For you see, that camera thing tells me something significant: that someone gets it. Someone gets that the third-person fixed camera adds to the atmospheric sense of detachment that survival horror benefits from; feels more like you're being watched from the shadows by parties unknown, and less like you're nestled up against the protagonist's nice, warm buttocks the whole time. Some people might say The Medium hardly needs it, though, since the atmosphere of detachment is adequately created by the personalities of all the characters, but those would be some terribly cruel people. Anyway, The Medium is about a twenty-something girl who wears clothes of a size somewhere between small and large, and also has the ability to perceive the spirit world and talk to the recently-dead; she gets called out to an abandoned vacation facility and site of a famous massacre to uncover the sinister truth behind both it and her mysterious origins and get some material for her urban exploration YouTube channel.
This might sound weird, but it took me a while to figure out that this fixed-camera survival horror game with a gloomy atmosphere about exploring both a decrepit real world and an identically laid-out scary netherworld that looks like it's made primarily out of ham was supposed to be Silent Hill-inspired; talk about missing the otherworld for the crucified bodies on spikes. I guess I just wasn't picking up the same vibe; it reminded me more of Dark Seed, that old point-and-click adventure game about exploring an H. R. Giger-designed parallel dark world as the protagonist struggles to overcome the horror of their mustache. Silent Hill feels organic and visceral and wet; The Medium felt more dead and dusty and as dry as a newlywed Baptist who doesn't believe in foreplay.
Some kind of combat element might've helped. I don't say that because Silent Hill had combat; Silent Hill combat was like the stick in the ice lolly: serving a purpose, but not the part you want to chew on. It really seemed like The Medium was going to have a combat element, but then it didn't; all the pieces were in place. We establish that ghosts can hurt us, and that we're going to a place with more ghosts than the bargain bin at the Call of Duty shop, and that the main character can load up her arm with spirit juice to fuel a blast attack and a shield, so I was like, "Great! Ghost laser tag?
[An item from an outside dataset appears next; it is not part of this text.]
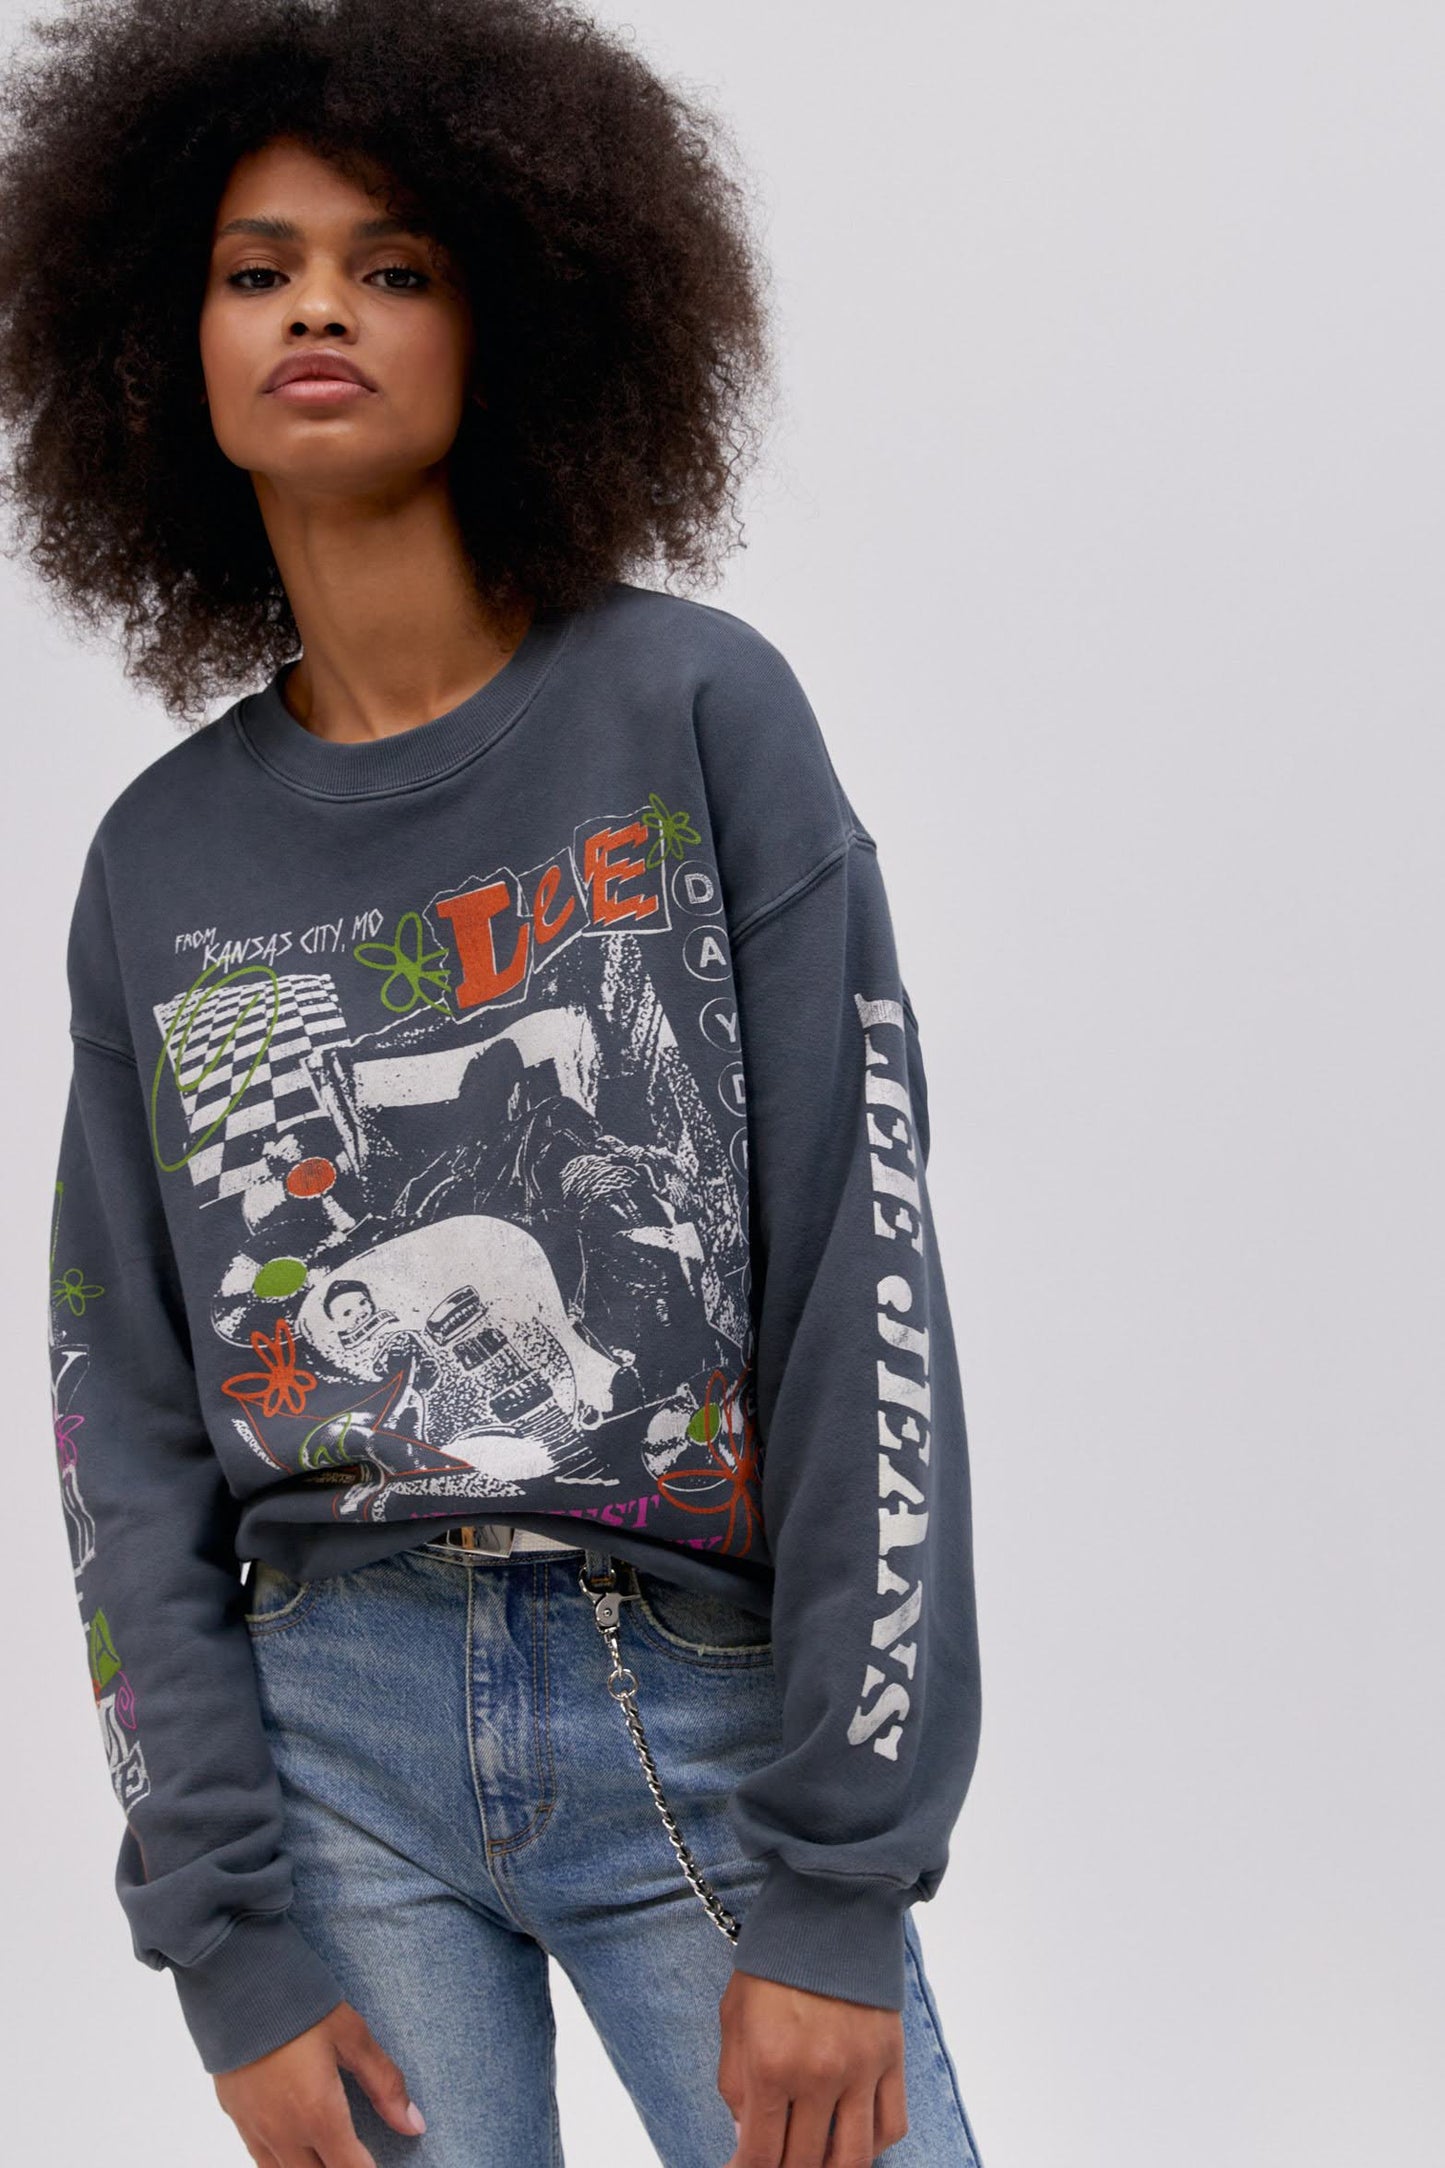 Curly haired model wearing a Lee x Daydreamer collab graphic sweatshirt in washed black.

Let's Luigi's Mansion this bitch!" But then, we don't get that.
Your blast attack is used mainly for clearing clutter out of the way like it's a fucking astral leaf blower, and the closest thing to combat is the odd forced stealth/evasion sequence against a recurring monster who kills you in one hit, which is about as engaging as such things ever are; that is, as much as holding in a fart at a distant cousin's wedding. And then at the end of each act, the main character - who I seem to remember having a name, but it’s one of many things about The Medium I struggle to hold in my memory - confronts a big, elaborate monster spirit form of whoever's been stirring up the trouble most recently, and it really seems like a setup for a boss fight, and then Whatshername just defeats them in the same cutscene with no bother.
Look, I'm not asking for an exchange of ectoplasm bullets as our flaky protagonist dodge-rolls about like Sonic the Hedgehog, but the artists seem to have put a lot of work into the monster designs, and I'm sure it'd feel a lot more worth it if we had a chance to explore all their jiggly flaps looking for the weak spots. (On the monsters, I mean, not the artists.) Combat isn't just a distraction to keep the twitchy kids occupied while Mum and Dad are stroking their chins at the random document pickups; to a horror game, it adds context and engagement. Having to use a machete to hack aside the undergrowth in your path is what separates jungle exploration from a nature hike.
The running theme of my time with The Medium is that I always felt like I was more skating along the top of it than getting immersed. The gameplay didn't grab me; it's the usual survival horror inventory puzzle stuff - explore environment, find door blocked by rabid polecat, explore a bit more, find can of rabid polecat repellant, etc. - but the level design constantly herds us towards progress, and I never felt like I was the one coming up with the solutions. Case in point: there's a bit where the recurring monster is stomping about and we have to evade it until we find a way to restart a generator, at which point, Main Character Lady says, "Aha! Now I can turn the tables on the monster!", and I was like, "You can? It's really not clear how. You going to plug in a karaoke machine and challenge it to a something stupid-off?"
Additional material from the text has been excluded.